### [Collected material]
********

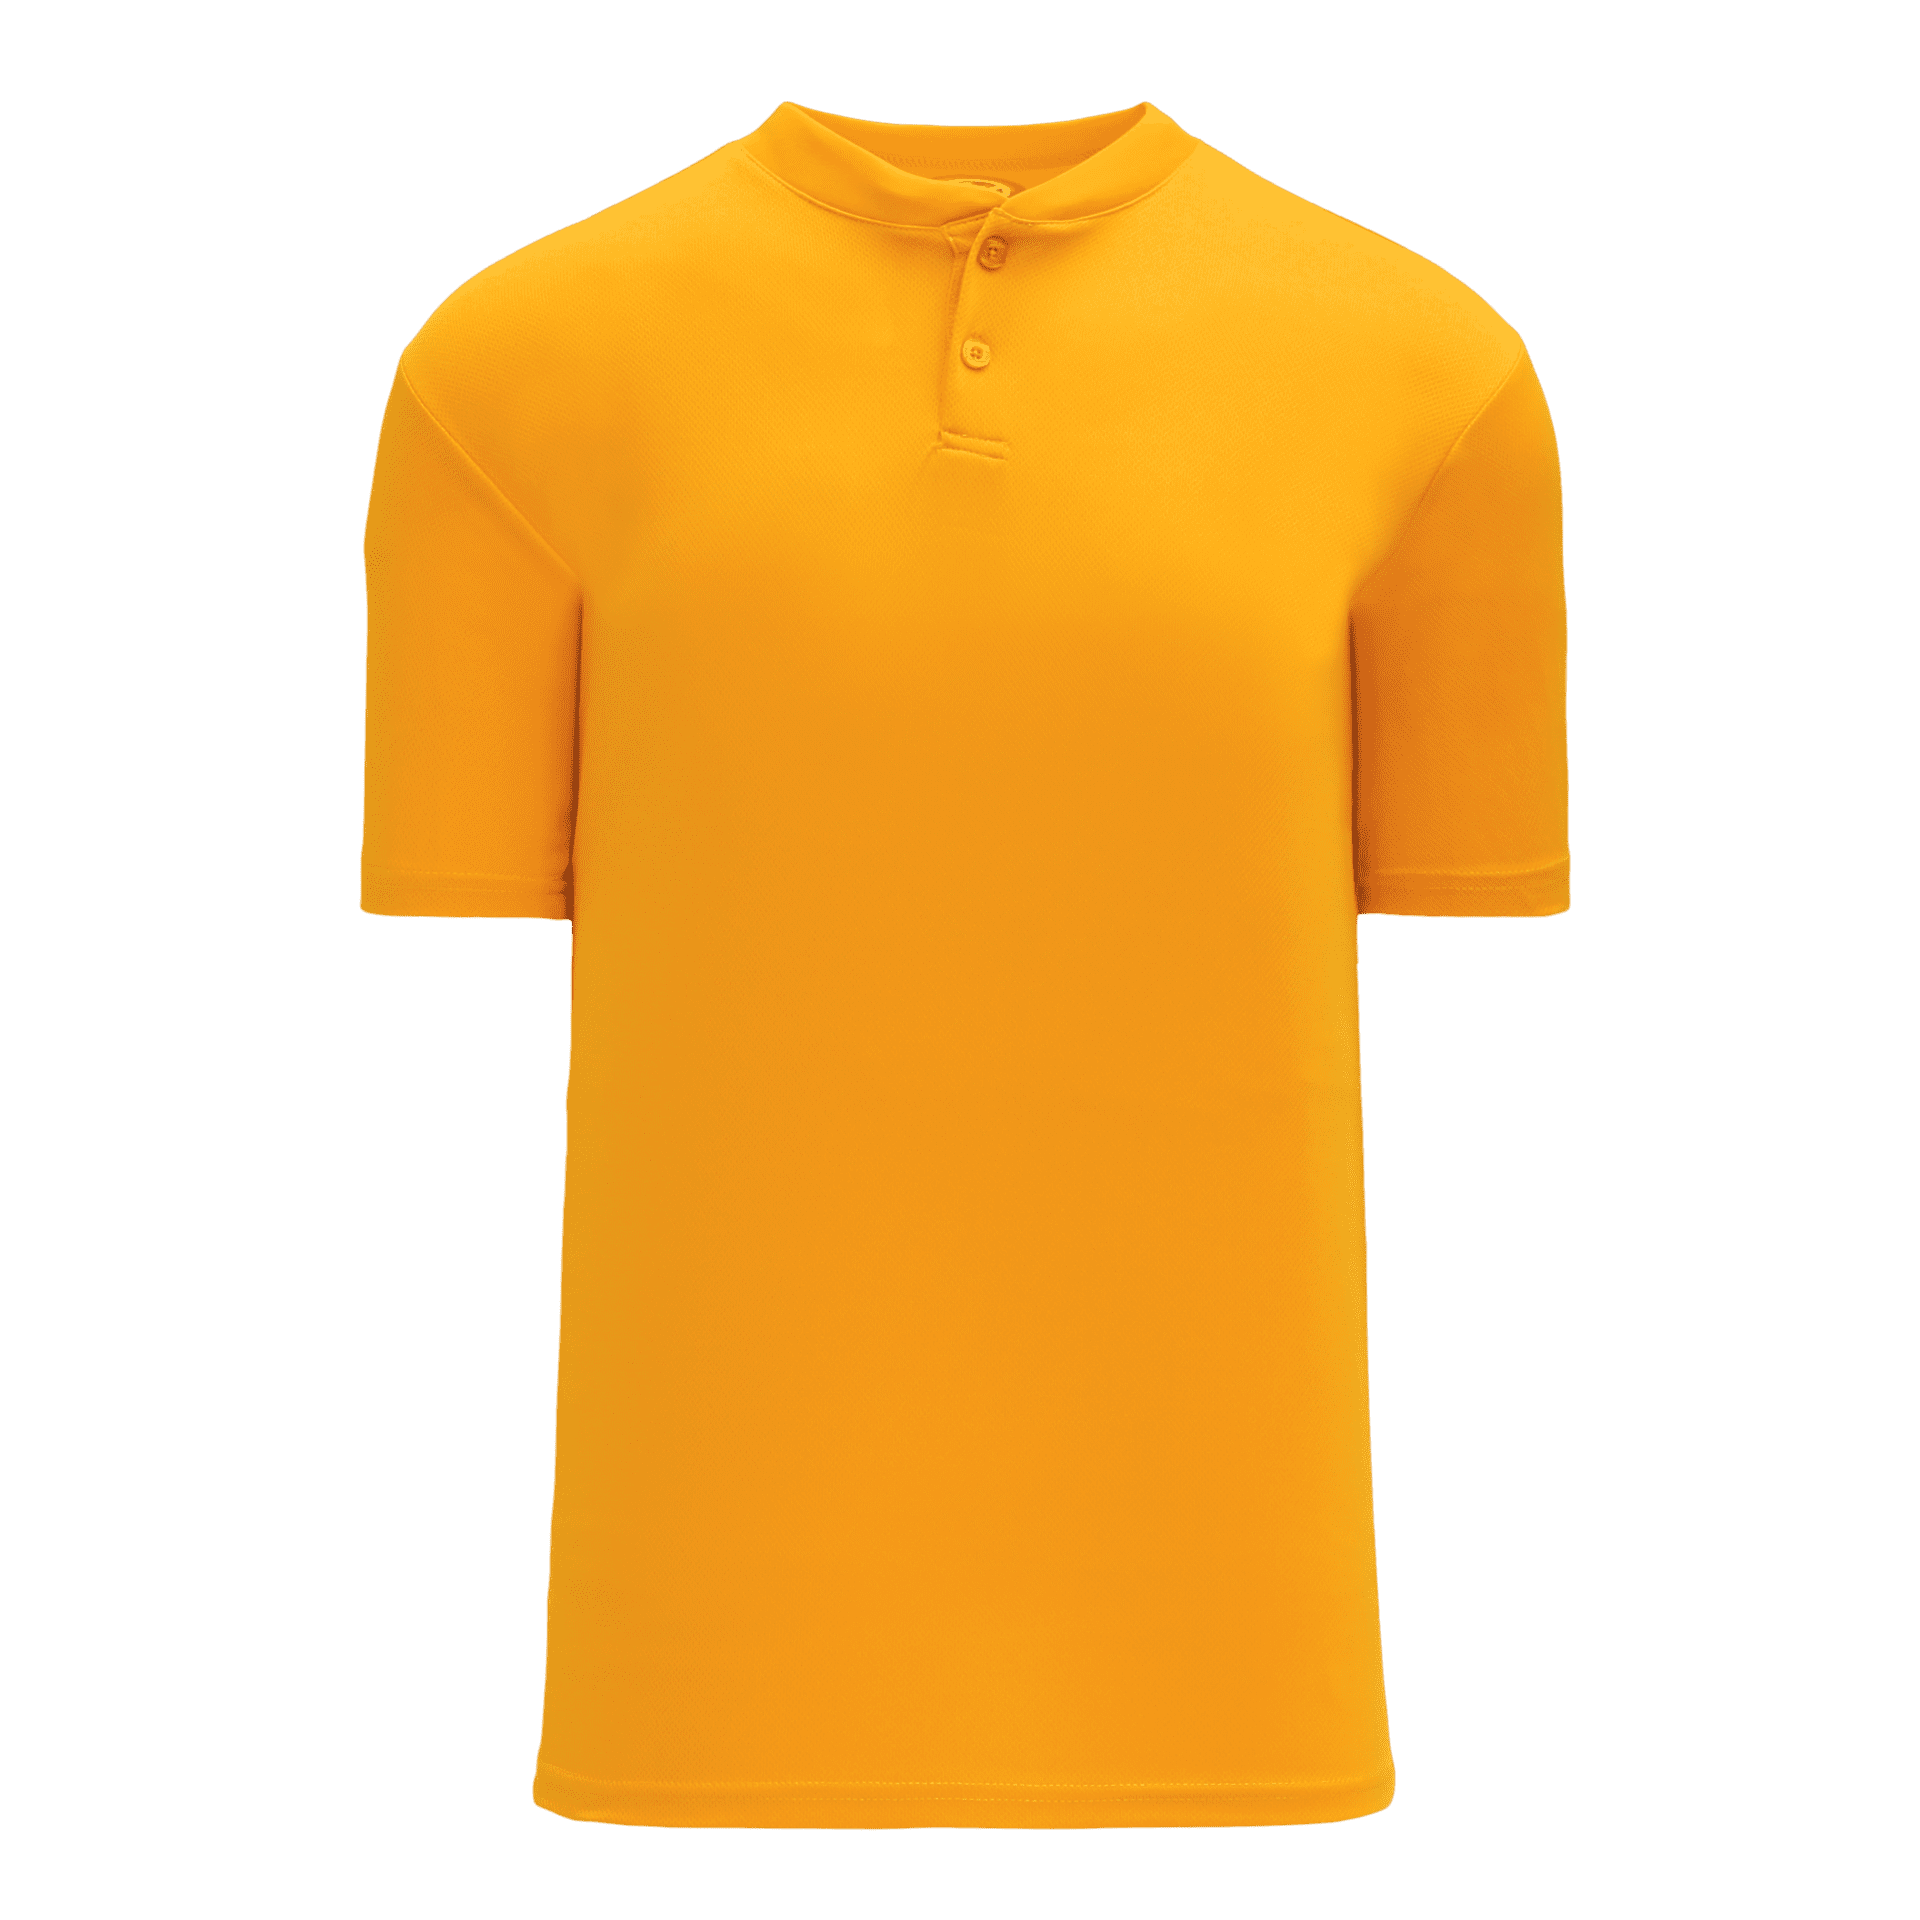 ATHLETIC KNIT TWO BUTTON BASEBALL JERSEY #BA1347 Gold
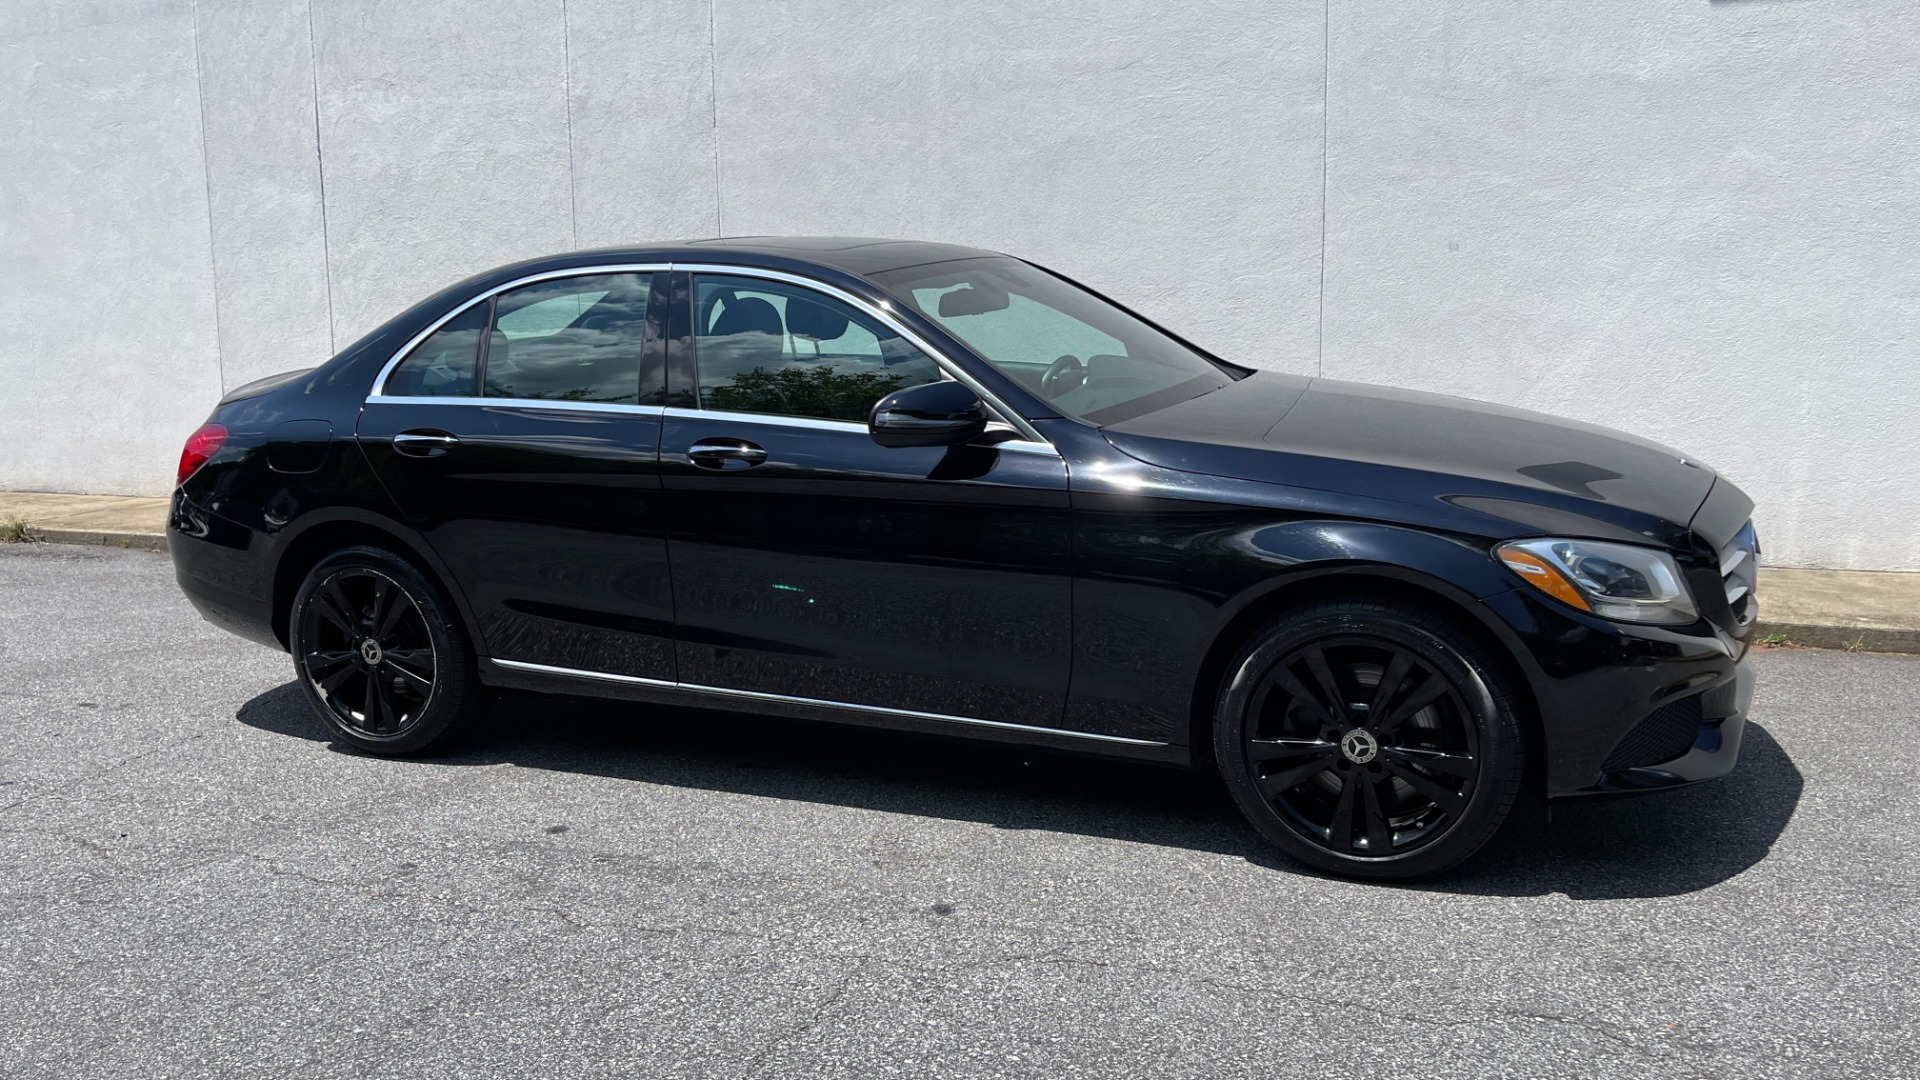 Used 2018 Mercedes-Benz C-Class C 300 / PREMIUM / REVIEW CAM / HTD SEATS / 18IN WHEELS for sale $31,295 at Formula Imports in Charlotte NC 28227 2
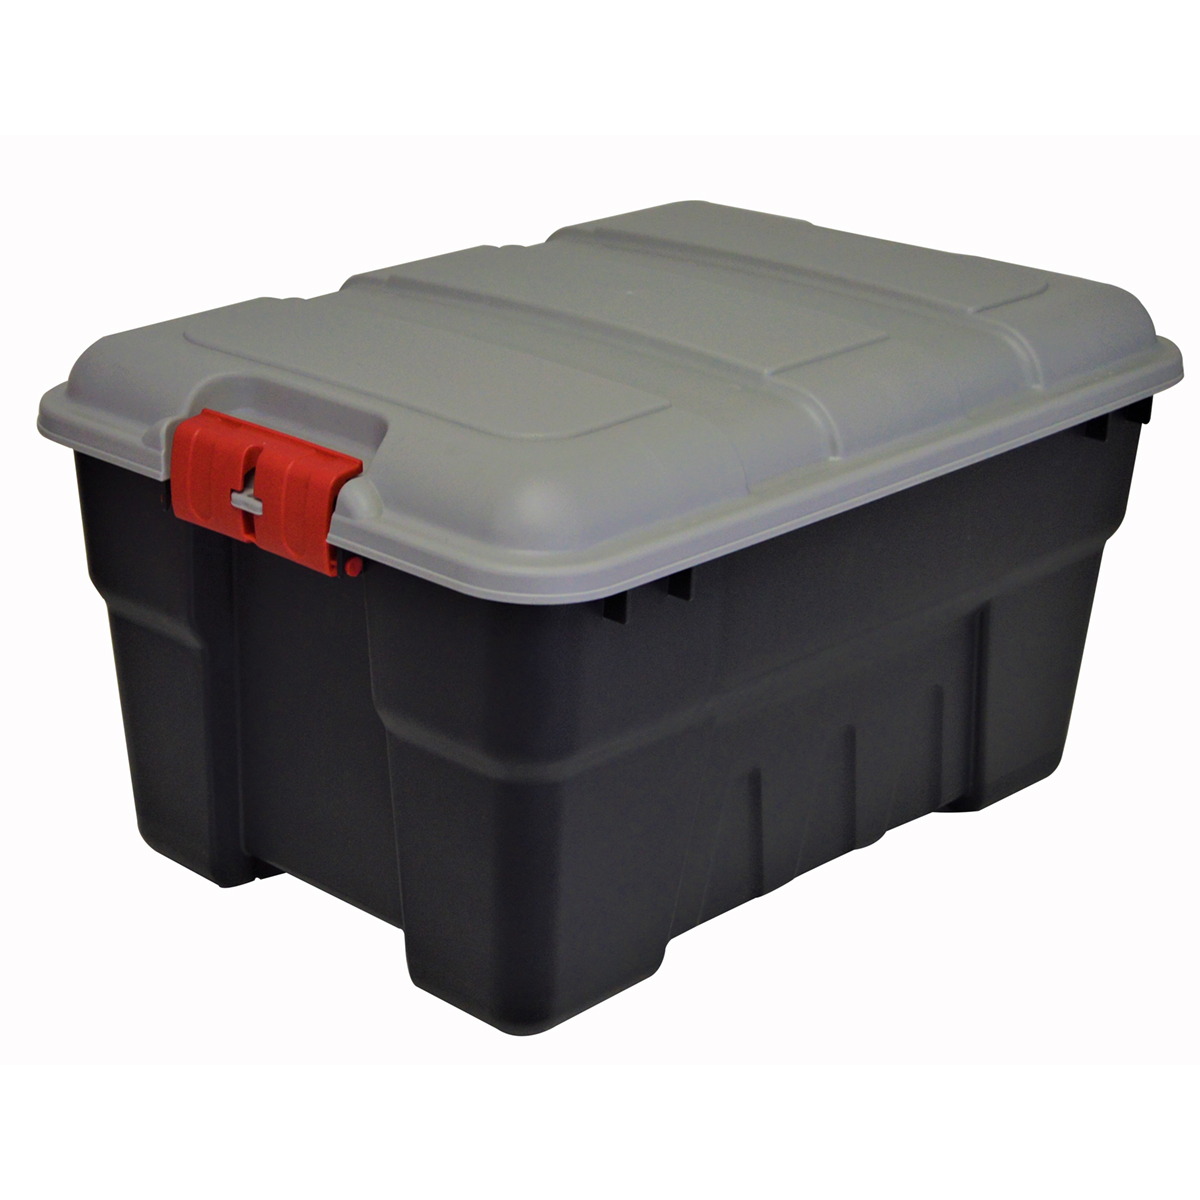 https://www.unitedsolutions.net/wp-content/uploads/2022/09/14-Gallon-Tote-Angle-View.jpg
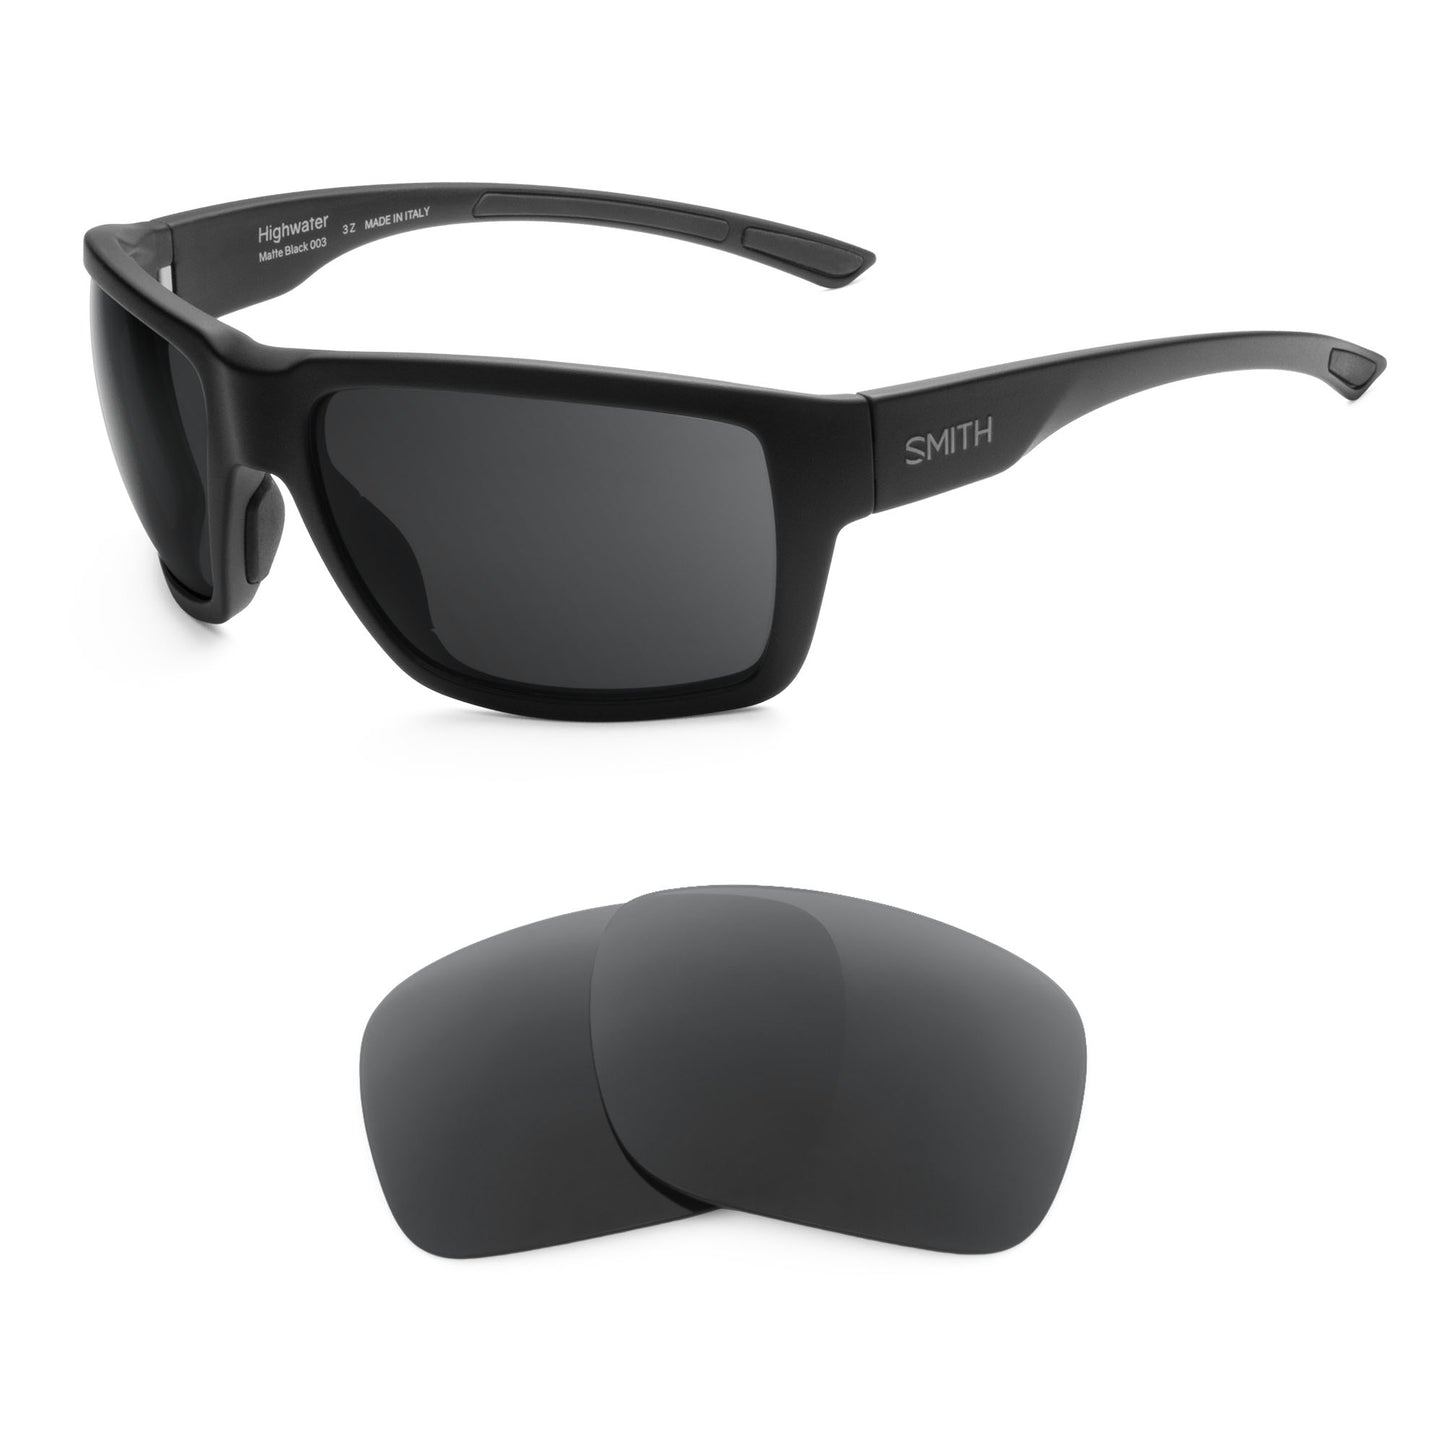 Smith Highwater sunglasses with replacement lenses

********

### [What you are asked to do]
Without including any pictures, reproduce the listing exactly.

### [Solution below]
 ATHLETIC KNIT TWO BUTTON BASEBALL JERSEY #BA1347 Gold
 Used 2018 Mercedes-Benz C-Class C 300 / PREMIUM / REVIEW CAM / HTD SEATS / 18IN WHEELS for sale $31,295 at Formula Imports in Charlotte NC 28227 2
 https://www.unitedsolutions.net/wp-content/uploads/2022/09/14-Gallon-Tote-Angle-View.jpg
 Smith Highwater sunglasses with replacement lenses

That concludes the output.